There were jokes on social media about how having an Orthodox Jewish daughter and son-in-law had influenced US President Donald Trump to clean out his cabinet before Passover.
But the recent departures of US Secretary of State Rex Tillerson and US National Security Adviser H.R. McMaster are good news for the world’s two most important international initiatives that go hand in hand: Stopping the nuclearization of Iran and the terrorism emanating from the Islamic Republic.
Tillerson regularly deemed Iran as complying with the 2015 landmark Iran nuclear deal, though not with its “spirit.” He had urged US President Donald Trump to maintain the agreement, in order to preserve American leverage over the development of Iranian ballistic missiles and other key issues.
McMaster was known for advising the president not to shun multilateral cooperation. He was also in favor of finding ways to keep the Iran deal.
Trump singled out Tillerson’s inability to see eye to eye with him on Iran as the primary reason for his firing. From now on, only the Iran policies Trump believes in will be advanced by his administration.
That means the deal will have to either be “fixed or nixed,” as Prime Minister Benjamin Netanyahu told the United Nations General Assembly in September. Energy Minister Yuval Steinitz, who is close to Netanyahu, told The Jerusalem Post that if the deal is properly fixed, it could even be extended to ensure its sunset clauses remain far in the distance.
The Tillerson and McMaster firings sent a key message to Europe that America is serious about the need for dramatic steps to be taken. Immediately after Trump fired him on Twitter, the three European signatories to the deal – Britain, France and Germany – agreed to new EU sanctions on Iran’s ballistic missile program and punishing Iran for its involvement in Syrian civil war.
Netanyahu told German and French foreign ministers that he thinks Trump will pull out of the deal.

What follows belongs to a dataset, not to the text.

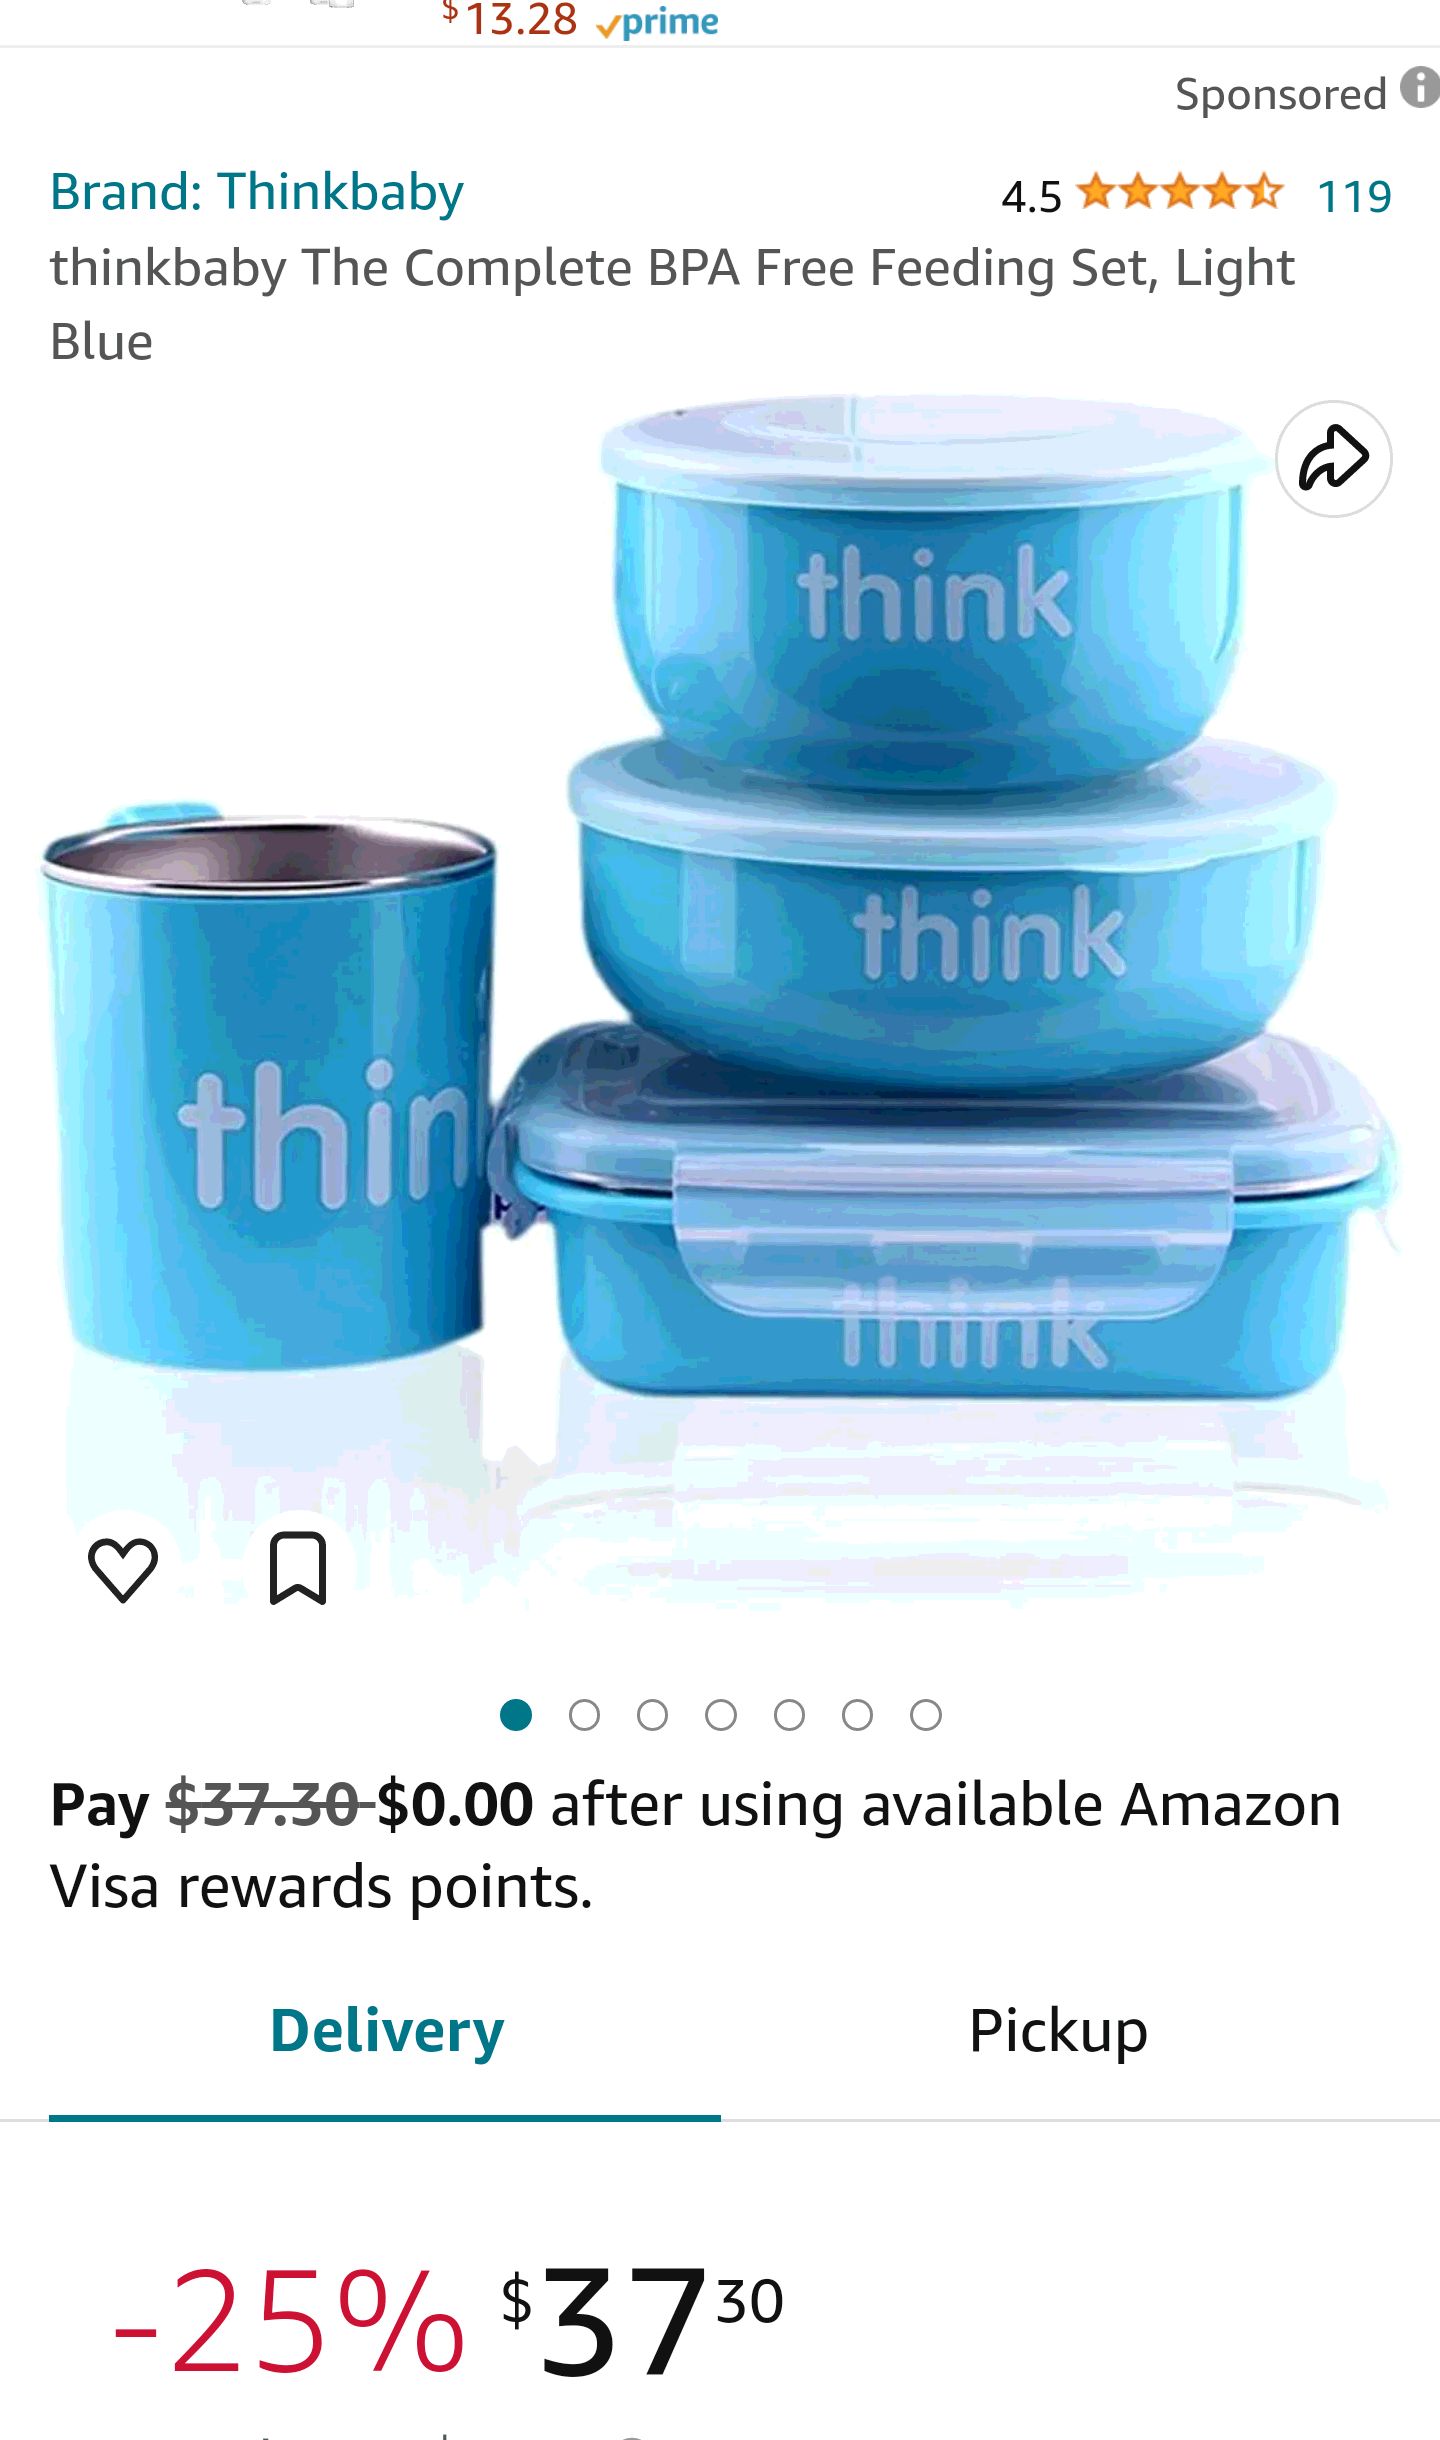 Amazon.com : thinkbaby The Complete BPA Free Feeding Set, Light Blue : Baby

But there is new hope that an agreement on sanctions and increased inspections of Iranian nuclear sites that can be acceptable to Israel can be reached by the May 12 deadline set by the Trump administration.
The Trump administration is finally succeeding in fixing the greatest mistake of US President Barack Obama that could still lead to Iran being able to cast a nuclear shadow over the Middle East and the entire world.
In his quest to reach what became the Joint Comprehensive Plan of Action, Obama turned a blind eye to Iranian regional aggression in Yemen, Iraq, Lebanon and Syria. He did not make it a priority to stop the spread of Iranian-backed terrorism perpetrated by Hizbullah in Lebanon, Hamas in the Gaza Strip and throughout the world.
Now, the clear message from the White House is there is no longer any tolerance for terrorism and that the entire international community must get its act together, because the war on terror is moving forward full speed ahead. That means targeting Iran, the world’s primary sponsor of terror, whose surrogates cause chaos throughout the Middle East.
New US Secretary of state Mike Pompeo recognizes the dangers of radical Islamic terror and is unafraid to speak those words like Obama and the secretaries of state who worked under him. New US National Security Adviser John Bolton has urged for both American and Israeli military action against Iran.
To that end, they will work closely with Netanyahu, who Tillerson did not visit when he came to the Middle East, and with Saudi Crown Prince Mohammed bin Salman, who just had a successful trip to Washington.
Bin Salman is the key to stopping terror emanating from Iran and preventing its nuclearization. He has accused Iran’s supreme leader Ayatollah Ali Khamenei of being the “new Hitler” of the Middle East, because Khamenei wants to expand Iranian rule over neighboring countries. But his own desire for a nuclear capability and his warnings that if Iran develops a nuclear weapon, Saudi Arabia will follow suit shortly thereafter have been very unhelpful.
How can a volatile Middle East be unified against Iran when Saudi Arabia’s own motives will be questioned? This is especially problematic when Saudi leadership in the efforts against Iran is so crucial.
It will now be up to Pompeo and Bolton to keep Bin Salman in line and influence President Trump to make the right decisions on Iran.
The Passover Hagaddah states that in every generation, the Jewish people have had enemies who have attempted to destroy them but God intervened and saved them.
Perhaps in retrospect, this changing of the guard in the Trump cabinet will be remembered as a key instrument in God’s saving Israel from nuclear annihilation and the world from the spread of terror.